- [Exercise goal] For the material below, return exactly the lines starting at the one holding "Sport-Moderator in Dresden" and ending at the one holding "Heather Pink Swing", counting both as part of the range.

- [Recorded data]
• • •

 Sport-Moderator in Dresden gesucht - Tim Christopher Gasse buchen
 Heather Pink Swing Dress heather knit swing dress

• • •

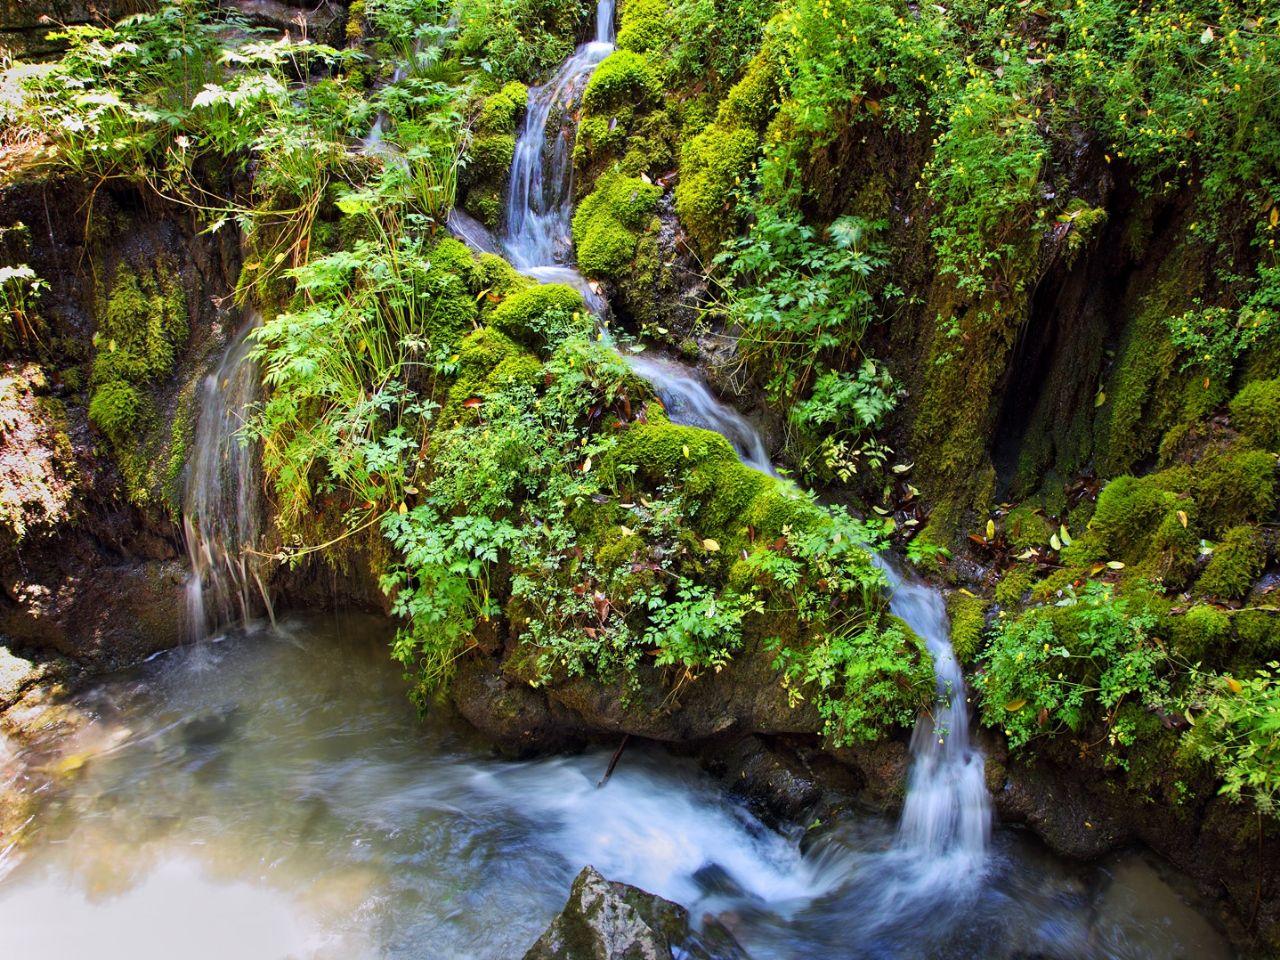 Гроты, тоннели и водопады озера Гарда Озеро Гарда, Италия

• • •

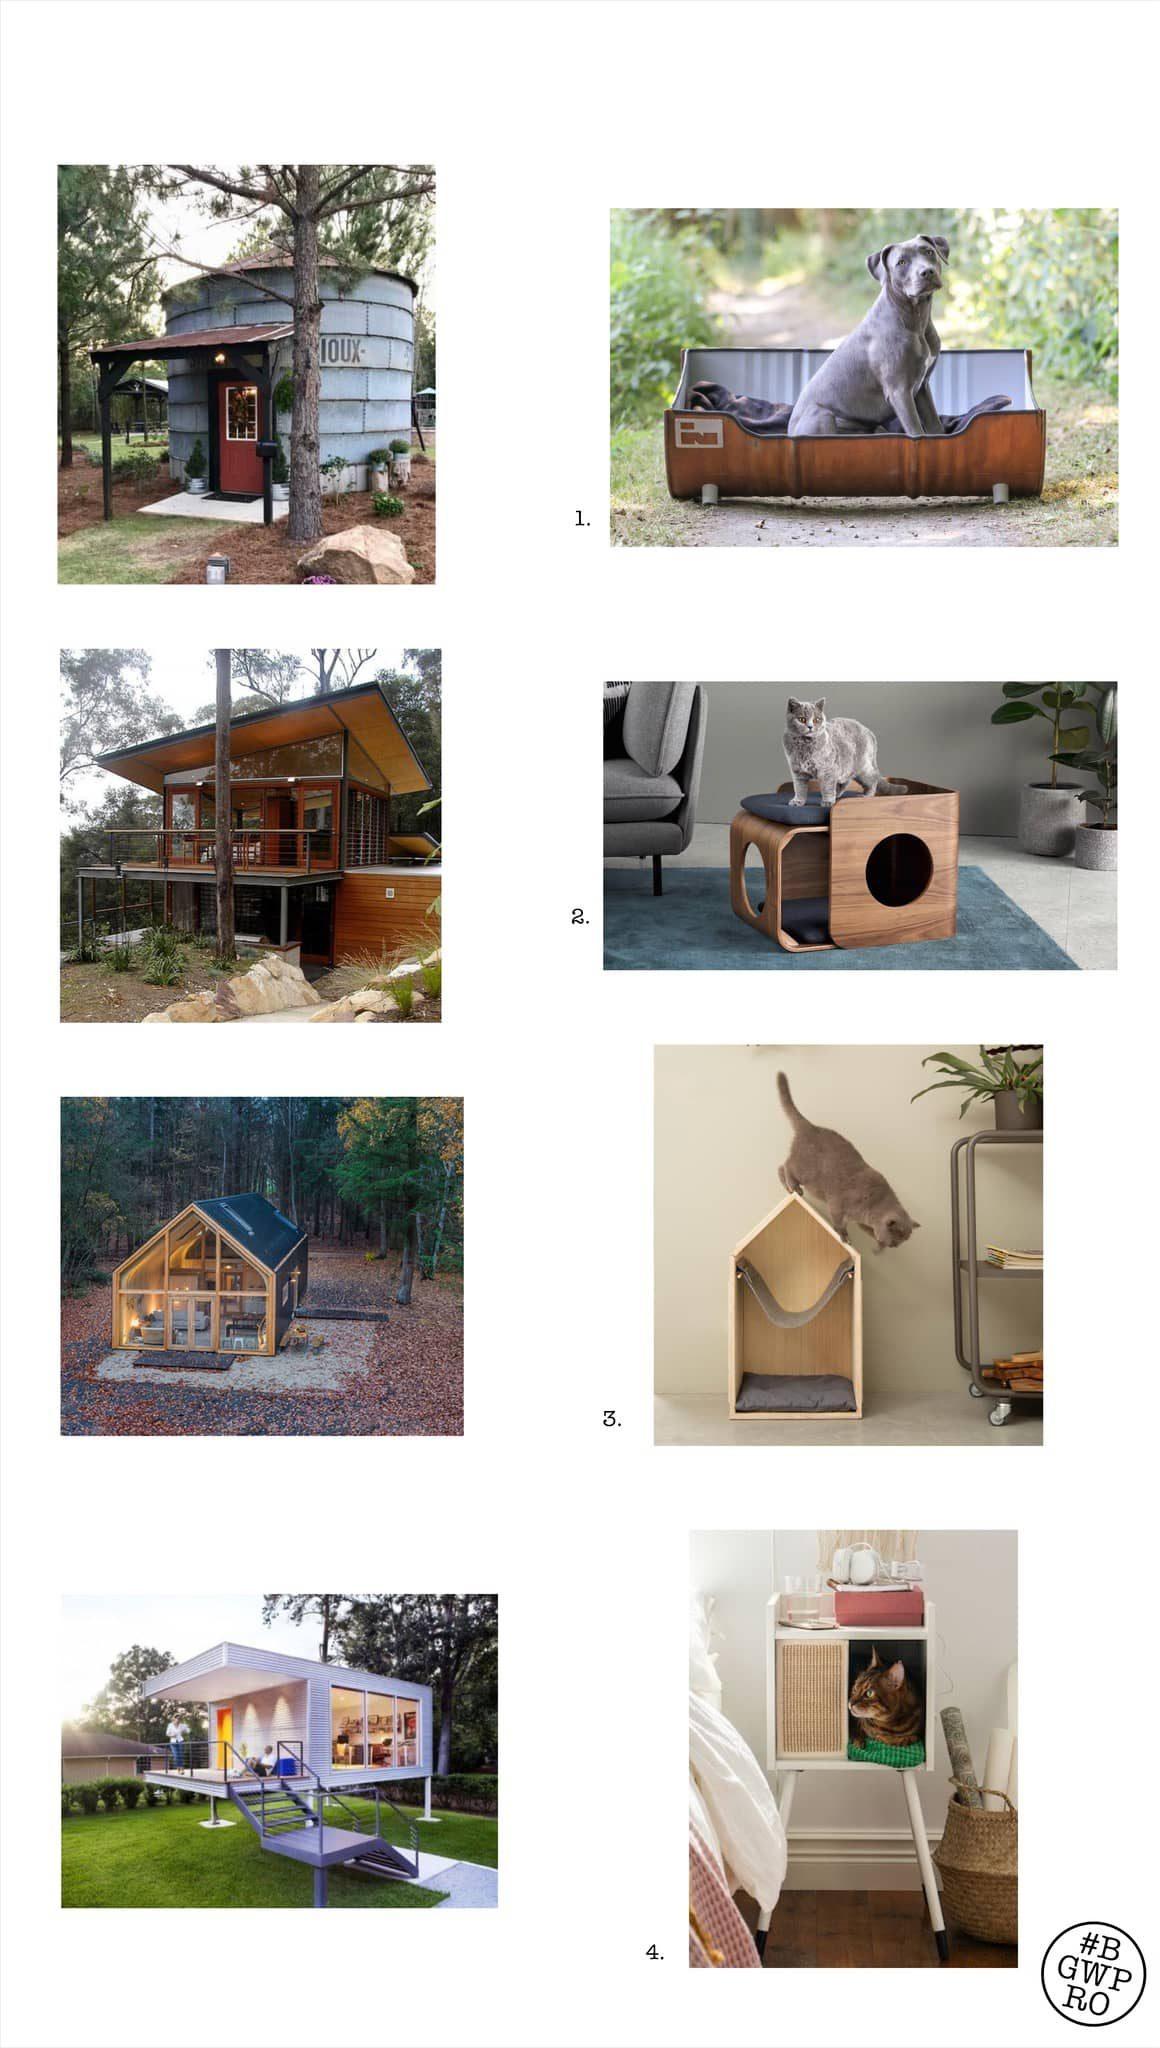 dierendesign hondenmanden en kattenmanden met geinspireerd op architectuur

• • •

- [Your solution]
 Sport-Moderator in Dresden gesucht - Tim Christopher Gasse buchen
 Heather Pink Swing Dress heather knit swing dress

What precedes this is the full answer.